Four years ago I drove from Florida to Philadelphia for a photography workshop. It’s rare that in a room of other people that I am the leader, but in this room, I was “the guy who had come the farthest.” I can’t recall the title of the workshop, but it was with the photographer Greg Miller, and the topic of the workshop was approaching strangers.
You’re probably wondering why I would drive so far for a seemingly simple workshop. The answer is in short that I am exceptionally shy. Talking to strangers is like kryptonite to me, which is really difficult because I love people. I love the stories they tell, the humanity we all share, etc. . . But, meeting people has always been difficult for me.
This workshop was, to me, the silver bullet to my problems. It was the anecdote to a problem that has haunted me for a lot of my life. Shyness seems a little like that at times; like this insurmountable hurdle.
During the course of the workshop Greg made a lot of really great points about technique and what it takes to approach a subject. There were a lot of things that I would take away from that weekend, but the biggest lesson of all would be one I’d learn years later on the island of Japan.
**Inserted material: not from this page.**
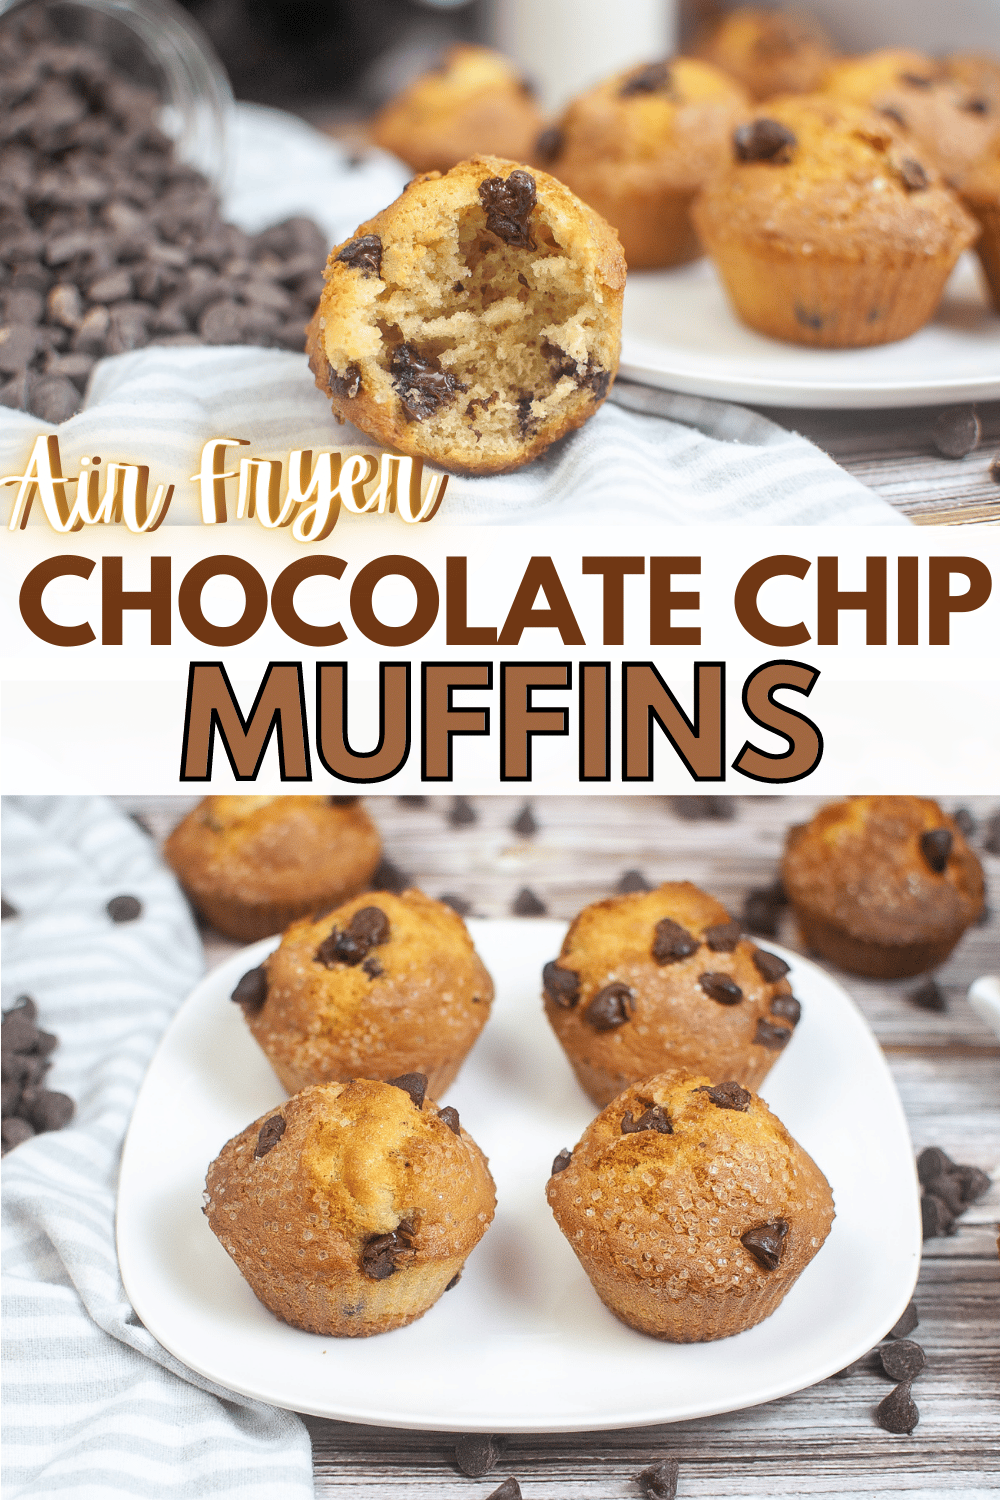 top image is half of a  Chocolate Chip Muffin with more muffins and chocolate chips in the background, bottom image is Air Fryer Chocolate Chip Muffins on a white plate with more muffins and chocolate chips in the background, and title text in between is Air Fryer Chocolate Chip Muffins

Before I continue I think you should know that I’ve gone back and forth on large format more times than I’d like to count. I owned a Toyo-View camera in college when I was going through my Ansel Adams phase. I owned a Burke and James 8x10” camera when I was going through my Alec Soth/Greg Miller phase. And most recently I owned a Rittreckview when I was going through my “I shouldn’t have sold all my large format gear” phase.
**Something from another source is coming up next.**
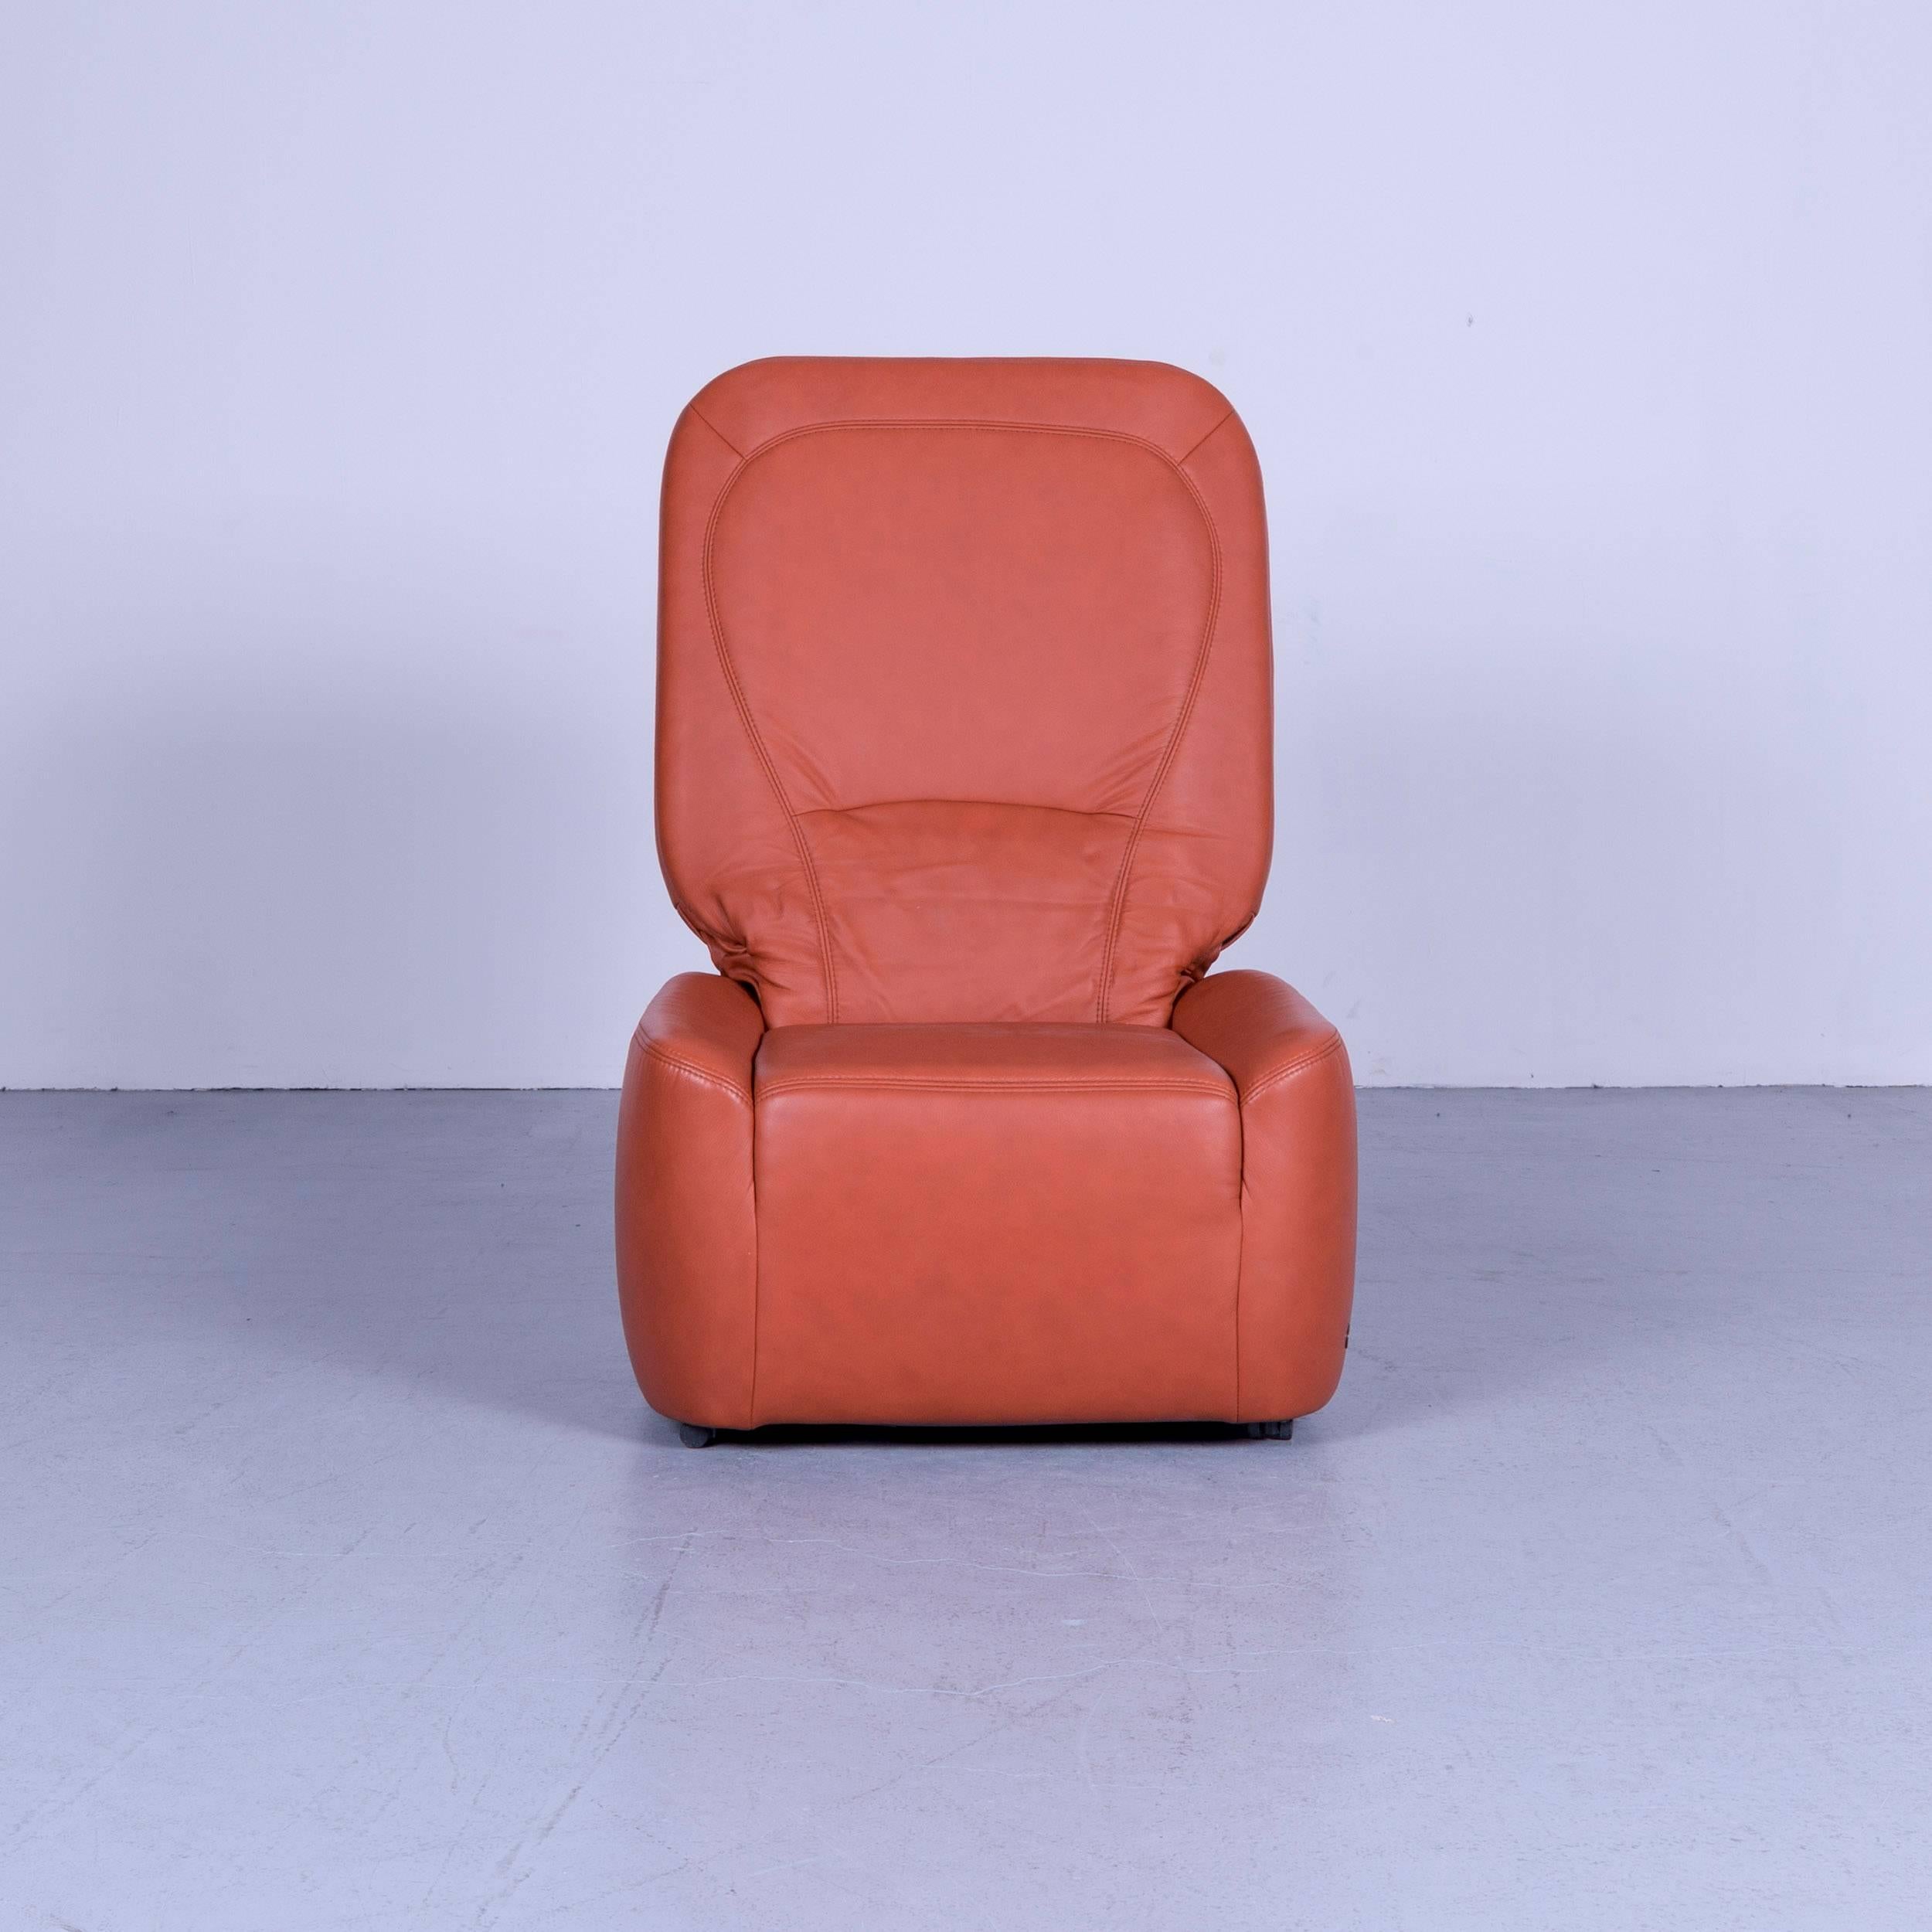 Orange colored Himolla foot stool made of leather convertible to a chair.

For a long time early resided in the idea that gear was the most important thing to approaching people. To this day I have a hard time accepting that I don’t need anything new to aid me in my pursuits, so I say this to you not as someone who is above this notion, but as someone who is knee deep in it. There's a lot of comfort to be gained in the idea that you can buy something to make something better. It's the pill for everything theory, and I want to think that buying a new camera or having the right “thing” will allow me to photograph people more easily.
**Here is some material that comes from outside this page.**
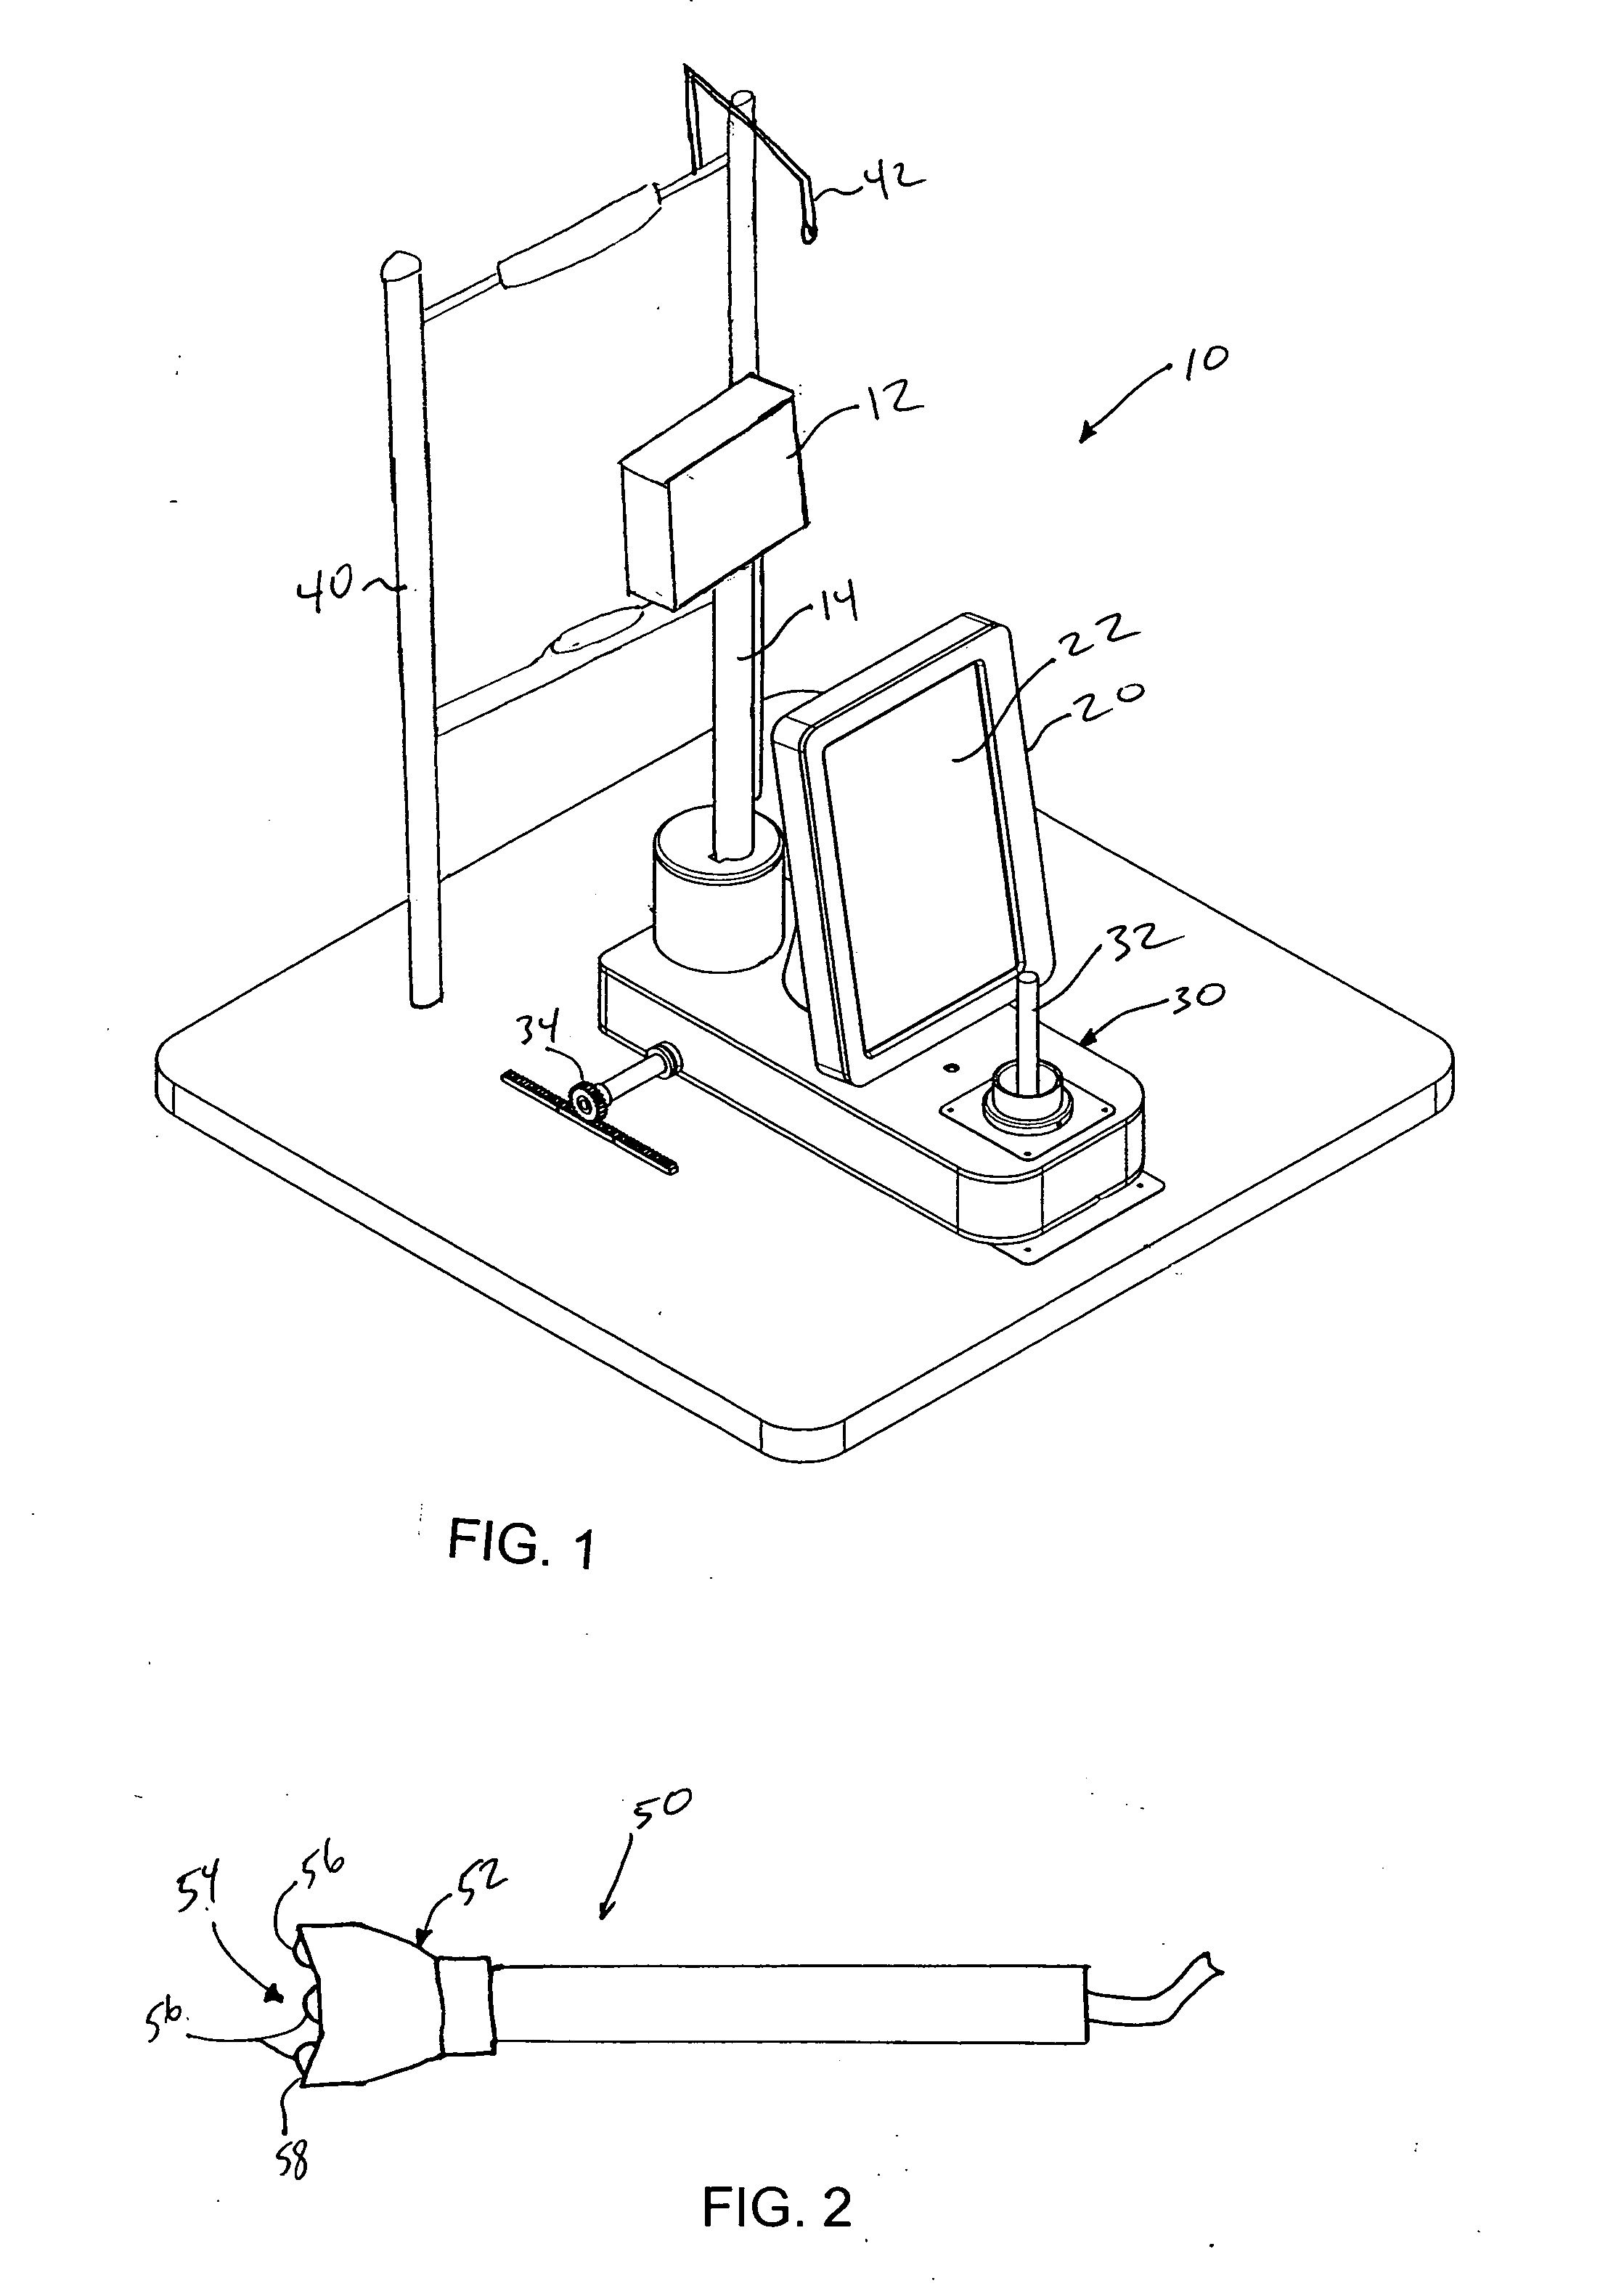 Method and apparatus for diagnosing conditions of the eye with infrared light

I’m cutting to the chase here and I’ll quote Greg loosely to provide you with the biggest takeaway from the workshop. He said, “no one is keeping you from making the photos you want to make but yourself.” That’s right, I drove all that way, from Florida to Philly, and that is what I remember.
It's not the camera. It's not the film. It’s you. Today especially I think that's a really hard thing to come to grips with — I don't want to realize that it's me —I want there to be something I can buy, a class I can take, someone I can emulate. There is in fact not a pill for everything.
For years since this class I’ve carried one of Greg’s business cards with me in my camera bag as a reminder of the lesson I learned. This lesson came full circle and struck me rather abruptly the other day as I was looking through my photos.
In my archives I have these two photos. Each of the photos were taken with completely different cameras. One a 4 x 5" field camera and the other a rather simple but seemingly large point-and-shoot.
The two photos differ in method but are in fact the same. They both feature couples posing along the boardwalk in Yokohama Japan. Both of the men are the bad boy type, albeit at different ends of the spectrum, and both of the women have this sort of innocence about them.
Seeing these photos side by side is a reminder that it is in fact not the camera, but me who is keeping myself from the photos I want to make and I hate that a little. For a long time I’ve had a lot of gear in my life that I though was a necessity, but it turns out that it’s not. The truth is that if someone is going to let you take their picture the camera is probably not of concern. “Oh you’re shooting with a Nikon, absolutely, take my picture,” said no one ever. If they know it’s film they also know they’re not going to see it, so for that reason alone I think it’s safe to say that the tools don’t matter.
In defense of the war on formats being waged in my head I think it’s fair to say the following: taking someones photograph is a little like falling in love. There’s this connection with a person, they see you and you see them, and you ask, and there’s this adrenalin. Maybe I am crazy, whatever, but that’s kind of how I feel when I photograph strangers. I think “oh hey you’re awesome or you’re doing this thing, or whatever, and I want to be a part of it.” I’m rambling, but my point is that using large format allows you to suspend the moment, but it doesn’t create it. I think for a lot of people the ability to suspend the moment is essential to the experience of photography.
It took four years of carrying someone else’s business card in my bag, and two photos of my own to realize that it’s not the camera, it’s me. I am the one keeping myself from making the photos I want to make. It’s a hard realization to make, but I hope that it’s one that I grow the most from.